Alivia's chest heaved. The memory of the blast hit her again. "Alivia threw herself over me," she whispered, her voice breaking. "She took the shrapnel. She gave me her face. She gave me her life."
Alivia squeezed her eyes shut. The darkest, most agonizing pain clawed at her heart. "And my baby... my little boy. He was in the nursery tent. The fire took him before I could even hear him cry."
Marianne pulled her tighter, rocking her back and forth. "It wasn't your fault, Asha. The war took him. Fate is cruel."
Robert crouched down. His face was stern, lined with grief but resolute.
"Asha, listen to me," Robert said firmly. "When you agreed to the surgeries, when you took Alivia's name, you made a choice to survive. You cannot look back. If Duncan finds out who you are, he will destroy you."
Robert reached into his briefcase and pulled out a thick, leather-bound file. He dropped it on the coffee table.
"This is your life now," Robert said, tapping the file. "It is flawless. You have a husband, a structural engineer currently working on a dam in Switzerland. You had a son who tragically passed away from Sudden Infant Death Syndrome-SIDS-at six months old. There are no underlying genetic markers, no rare blood diseases to draw suspicion. Just a sudden, devastating accident. That tragedy perfectly explains your emotional distance and clinical coldness. It cuts all ties to your past."
Marianne glanced at the small bottle of perfume peeking out of Alivia's coat pocket-a cheap drugstore brand, vanilla and orange blossom. "Asha, that scent," she said softly. "It's the same one you've worn for years. If he remembers..."
Alivia looked down at the bottle. Her fingers brushed the label. "It's mass‑produced," she said, her voice hollow. "Millions of women wear it. It's not proof of anything. And... I can't give up everything, Marianne. Not this. It's the only piece of my mother I have left."
Marianne nodded slowly, squeezing her hand. "Then be careful. Very careful."
Alivia stared at the file. The fake husband. The fake dead child. It was a fortress built of lies to keep the monster out.
She slowly let go of Marianne. She stood up. Her legs were steady now.
She walked over to the small mirror hanging on the wall. She stared at the reflection. The high cheekbones, the sharp nose, the cool blue eyes. It wasn't her. But it was her armor.

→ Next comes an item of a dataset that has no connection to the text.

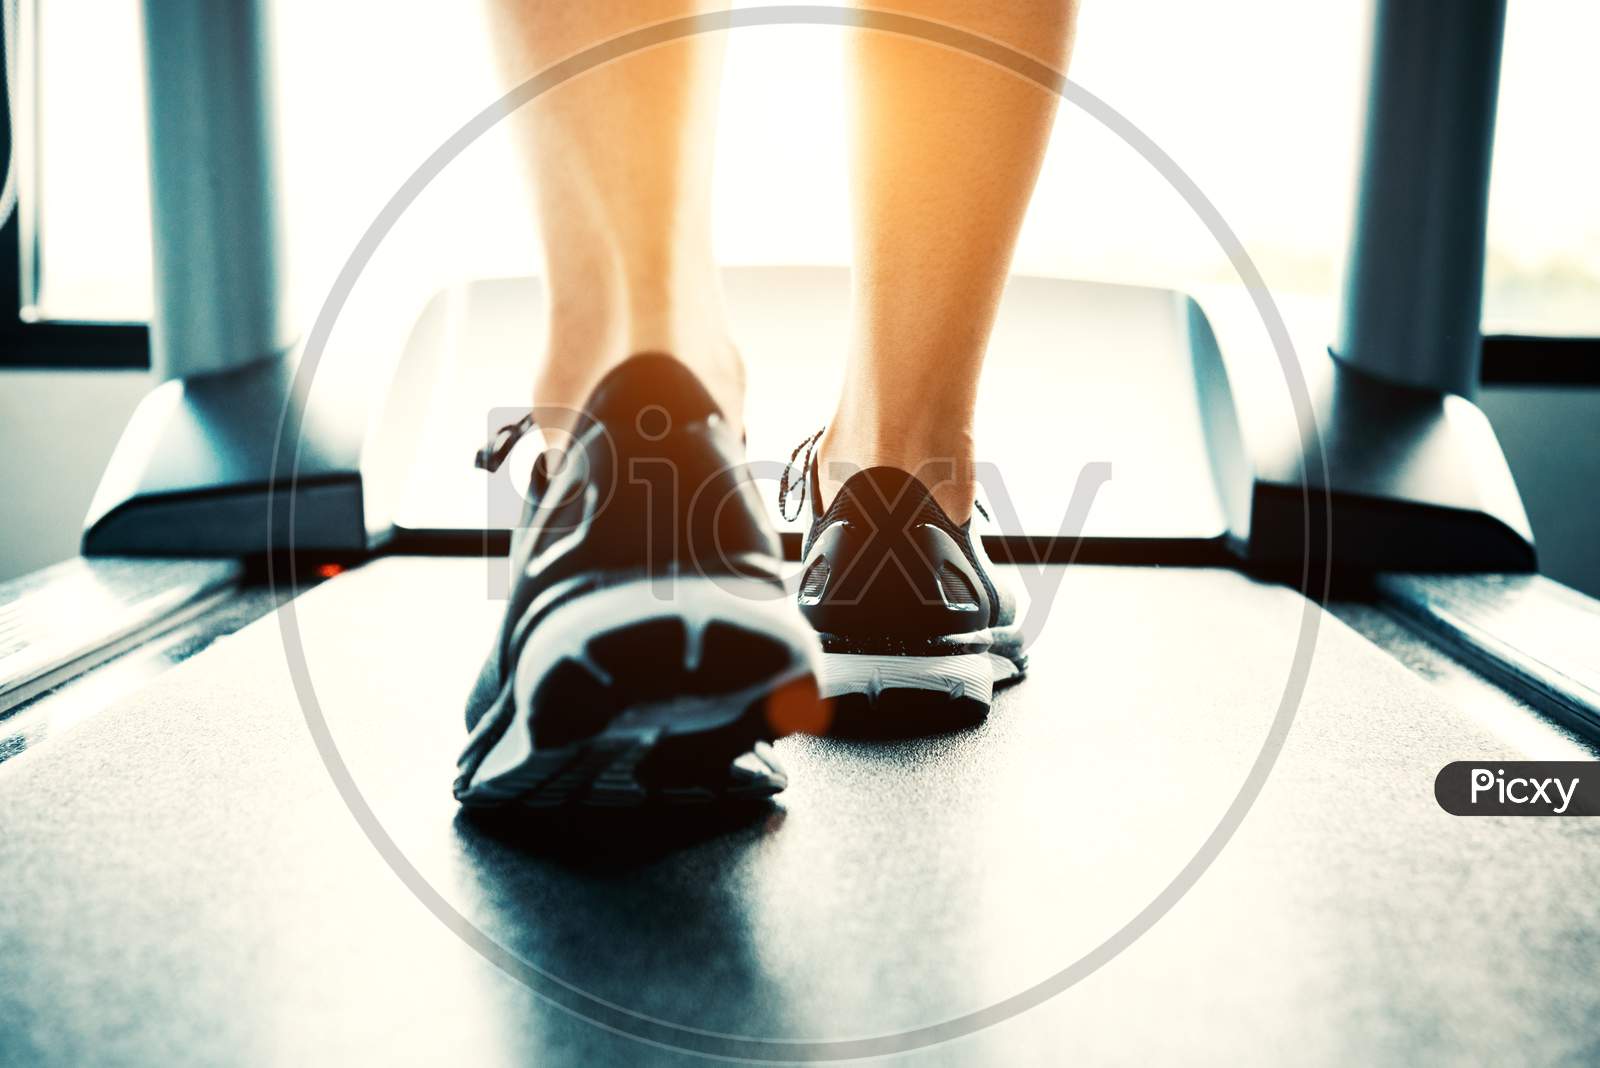 Close Up Of People Who Exercising On Treadmill. Close-Up Of Woman Legs Walking By Treadmill In Sports Club. Fitness And Body Build Up Concept. Workout And Strength Training Concept. Sport Club Theme.
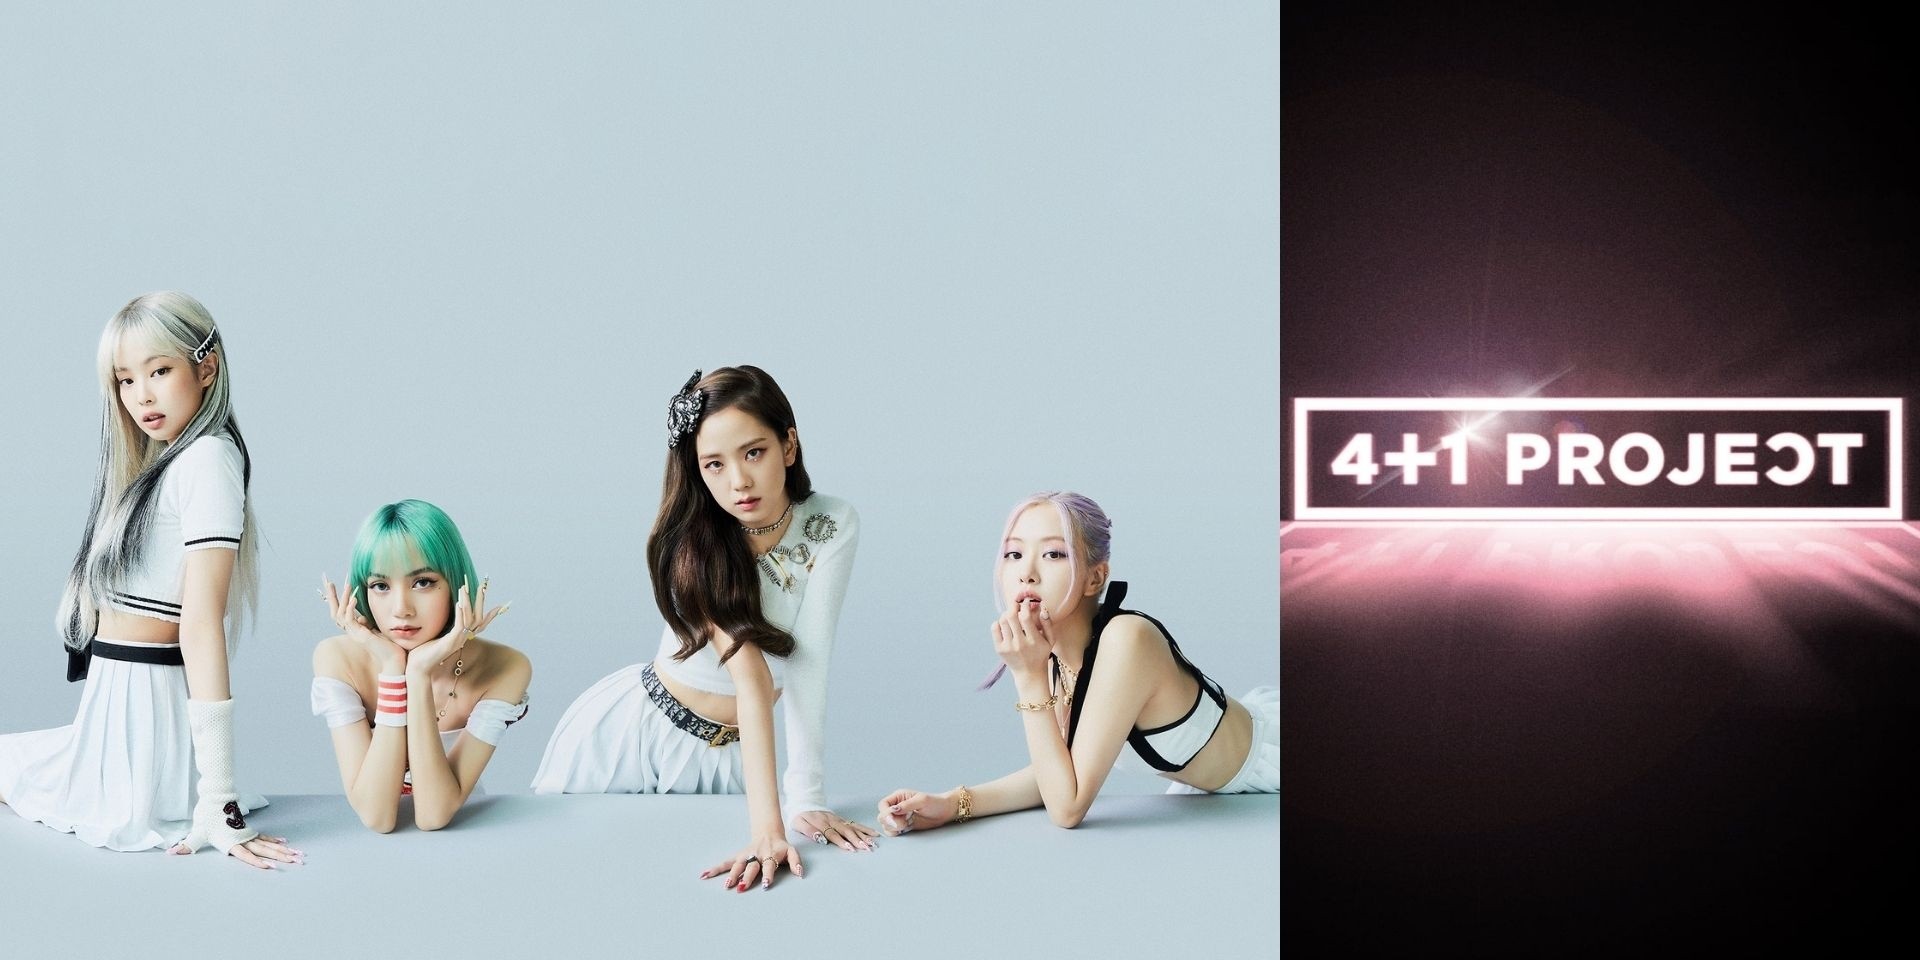 BLACKPINK announce '4+1 PROJECT' for 5th anniversary, including new movie and photobook — here's all you need to know

She reached up and wiped the tears from her cheeks. She took a deep, shuddering breath.
"Asha Lowery burned to death in Syria," she said to the mirror. Her voice was cold, hard, and absolute. "I am Dr. Alivia Clay."
She turned to Robert and Marianne. "I will do this surgery. I will pay back Theodore's debt. And I will take care of you both for the rest of your lives. I swear it."
Robert nodded, his eyes shining. "Once the surgery is done, we leave New York. We never come back."
Alivia adjusted the collar of her white coat. She locked the grief, the terror, and the memory of her dead baby into a steel box in the back of her mind.
She unlocked the door. She stepped out of the office, leaving the broken girl behind, and walked back into the war zone.